About 40% of affected individuals have diffuse ganglioneuromatosis of the gastrointestinal tract. Associated symptoms include abdominal distension, megacolon, constipation, or diarrhea. In one study of 19 individuals with MEN 2B, 84% reported gastrointestinal symptoms beginning in infancy or early childhood [Wray et al 2008].

About 75% of affected individuals have a marfanoid habitus, often with kyphoscoliosis or lordosis, joint laxity, and decreased subcutaneous fat. Proximal muscle wasting and weakness can also be seen.
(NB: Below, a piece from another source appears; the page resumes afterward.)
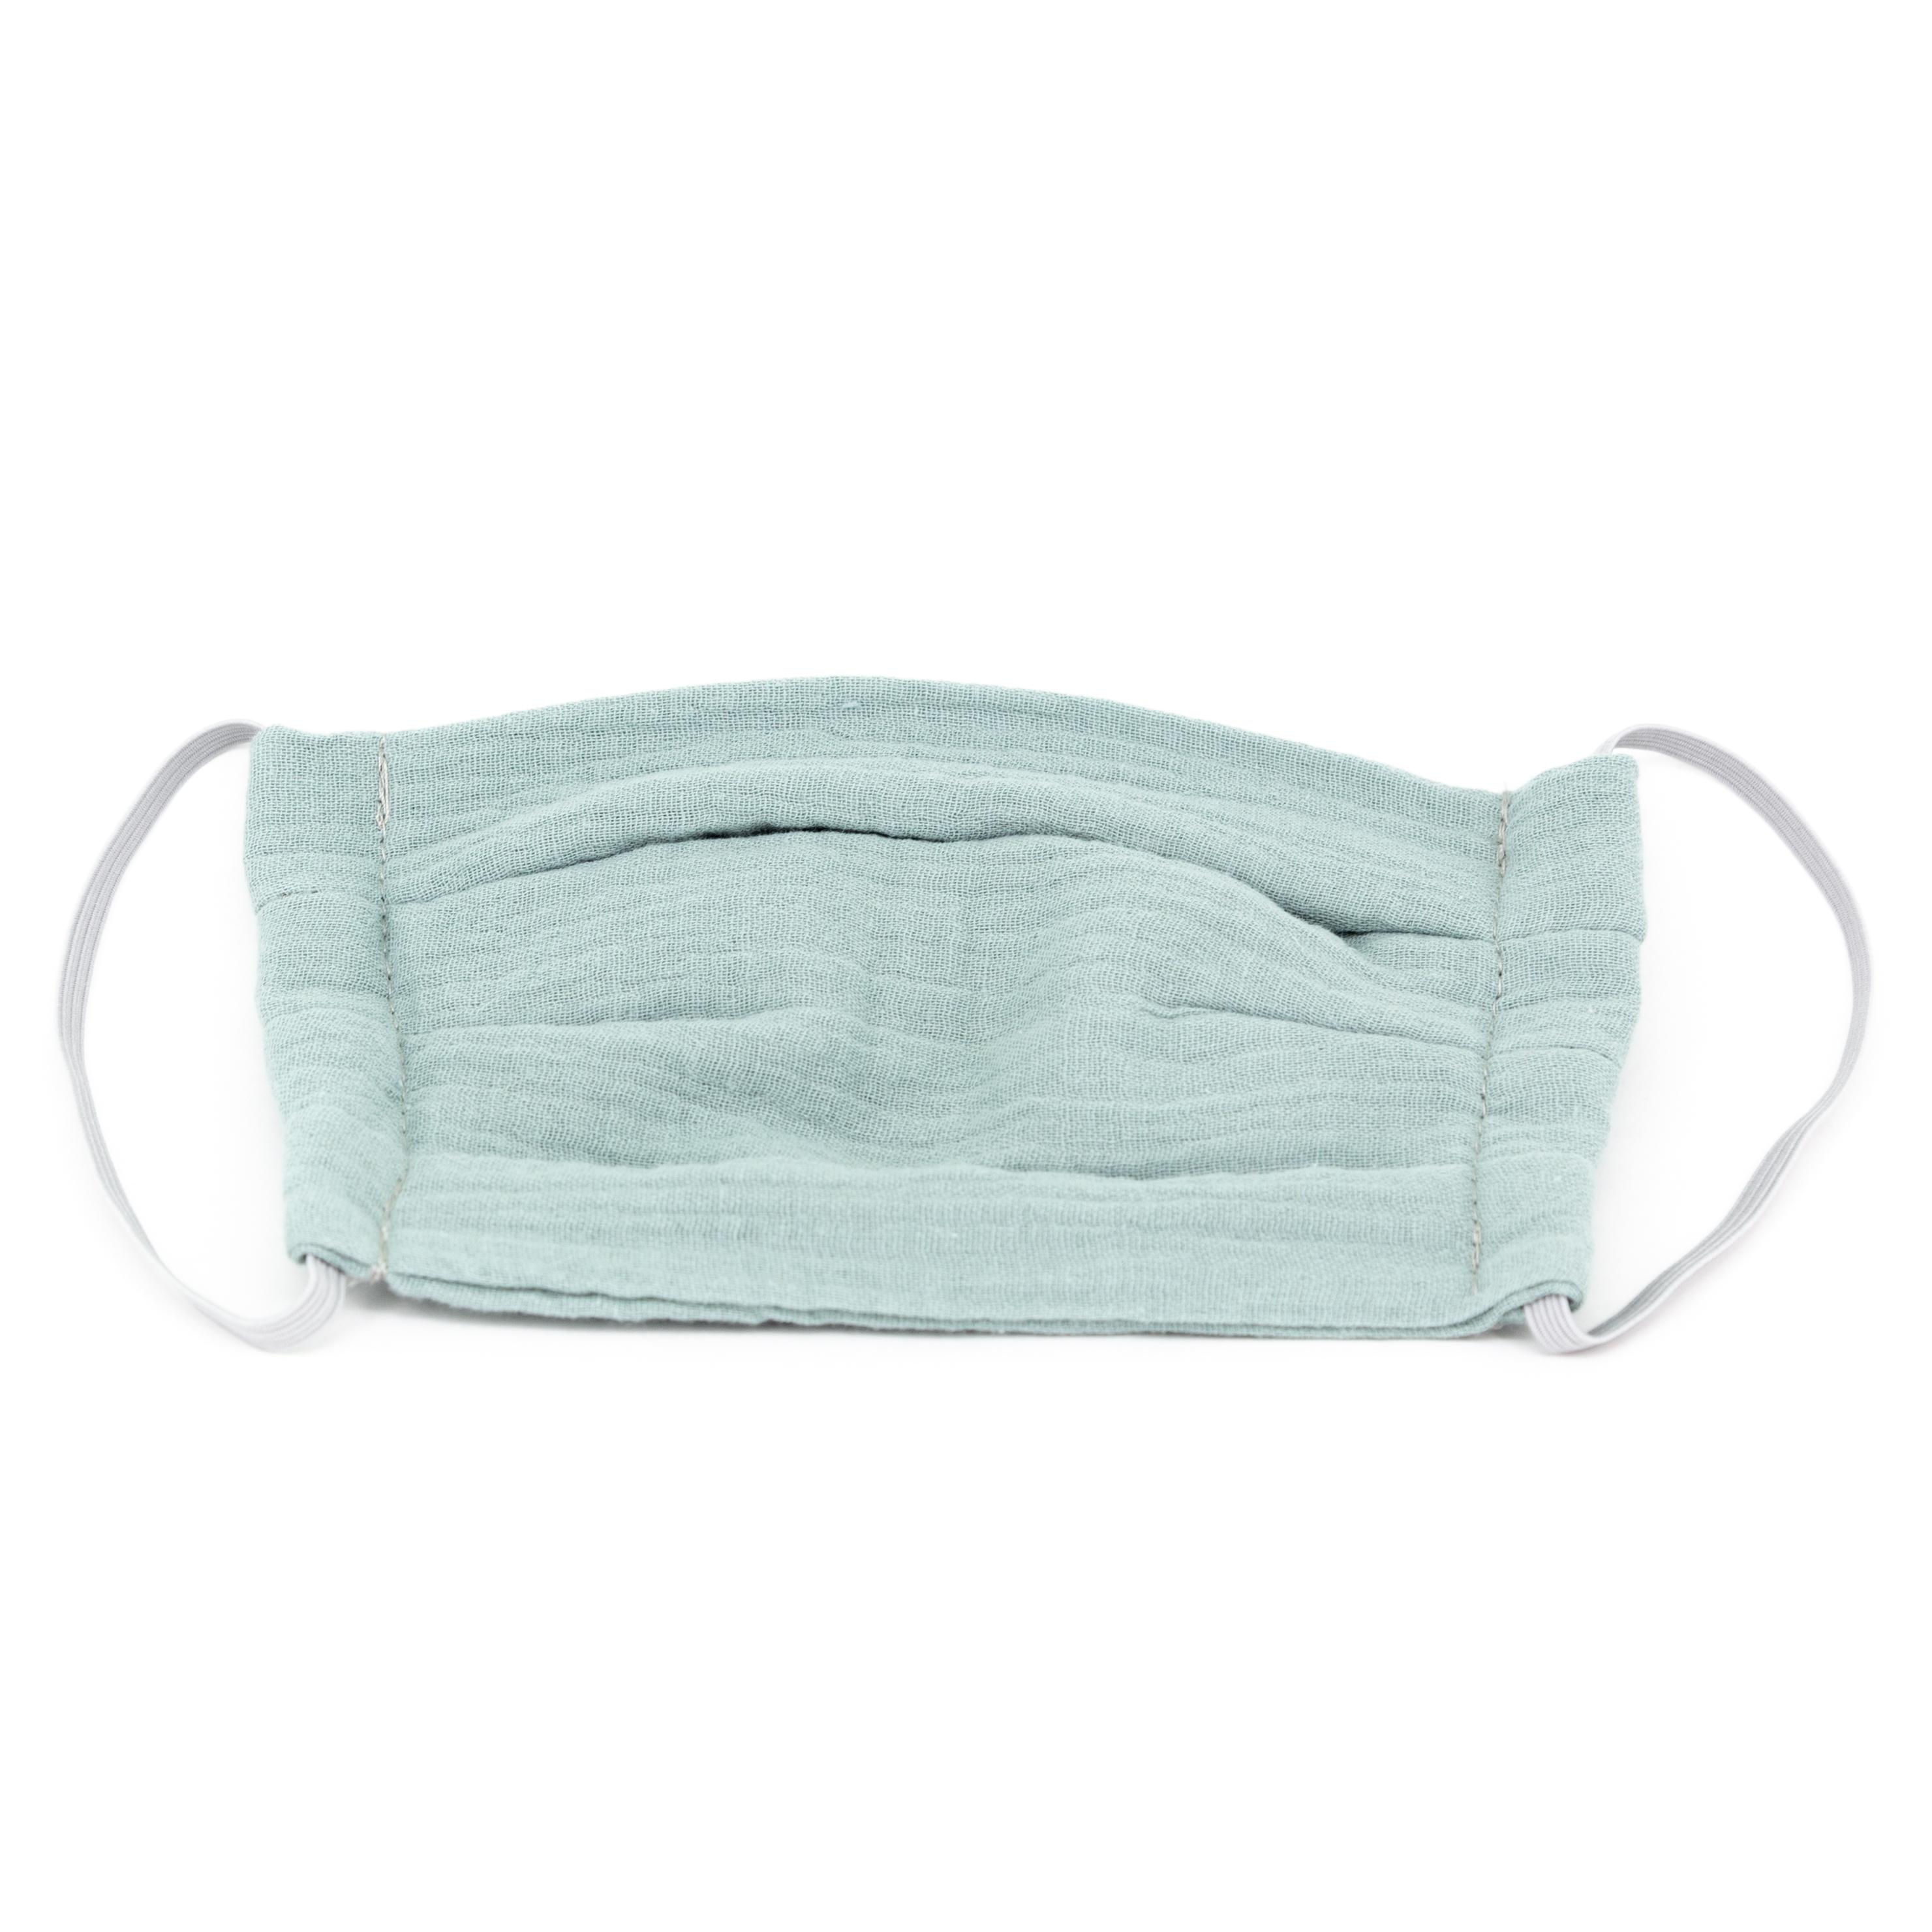 Mund- und Nasenmaske - grün - Hutch&Putch
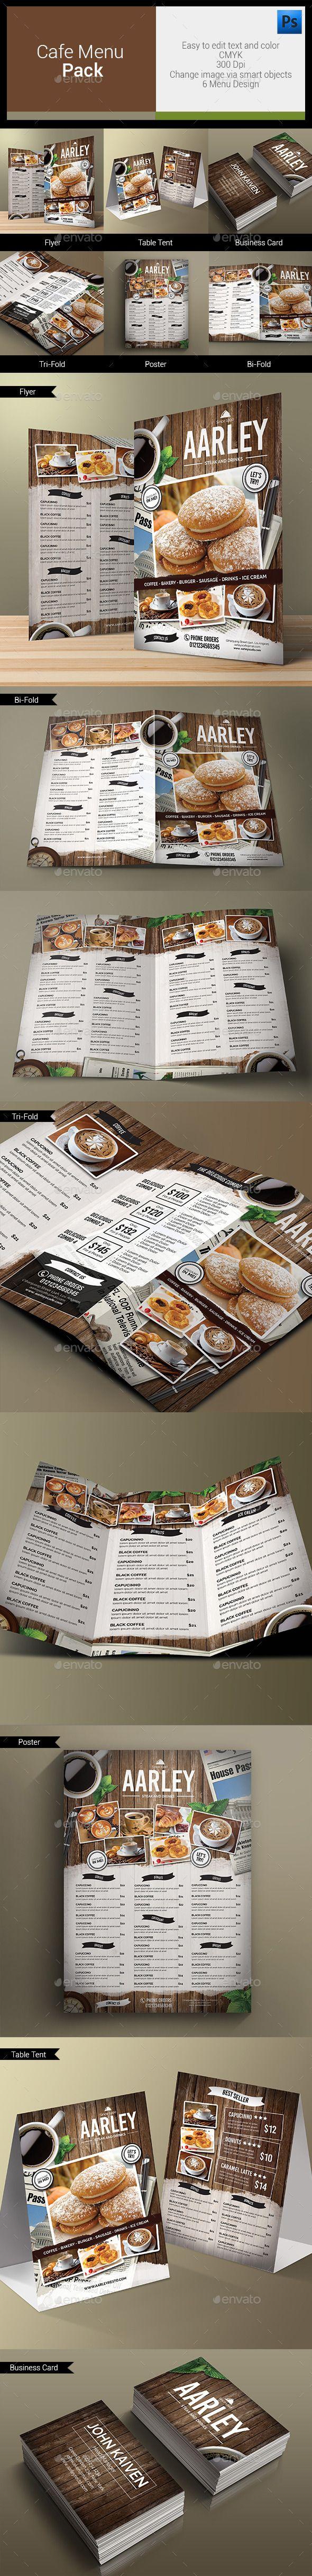 Cafe Menu Pack Template #design Download: http://graphicriver.net/item/cafe-menu-pack/12319050?ref=ksioks

Genotype-Phenotype Correlations

Pathogenic variants involving the cysteine codons 609, 618, and 620 in exon 10 of RET are associated with MEN 2A, FMTC, and HSCR1 [Mulligan et al 1994, Decker et al 1998, Romeo et al 1998, Inoue et al 1999, Takahashi et al 1999]. A pathogenic variant in one of these codons is detected in about 10% of families with MEN 2A and more than 50% of families with FMTC; these pathogenic variants are associated with low transforming activity of RET [Takahashi et al 1998, Hansford & Mulligan 2000].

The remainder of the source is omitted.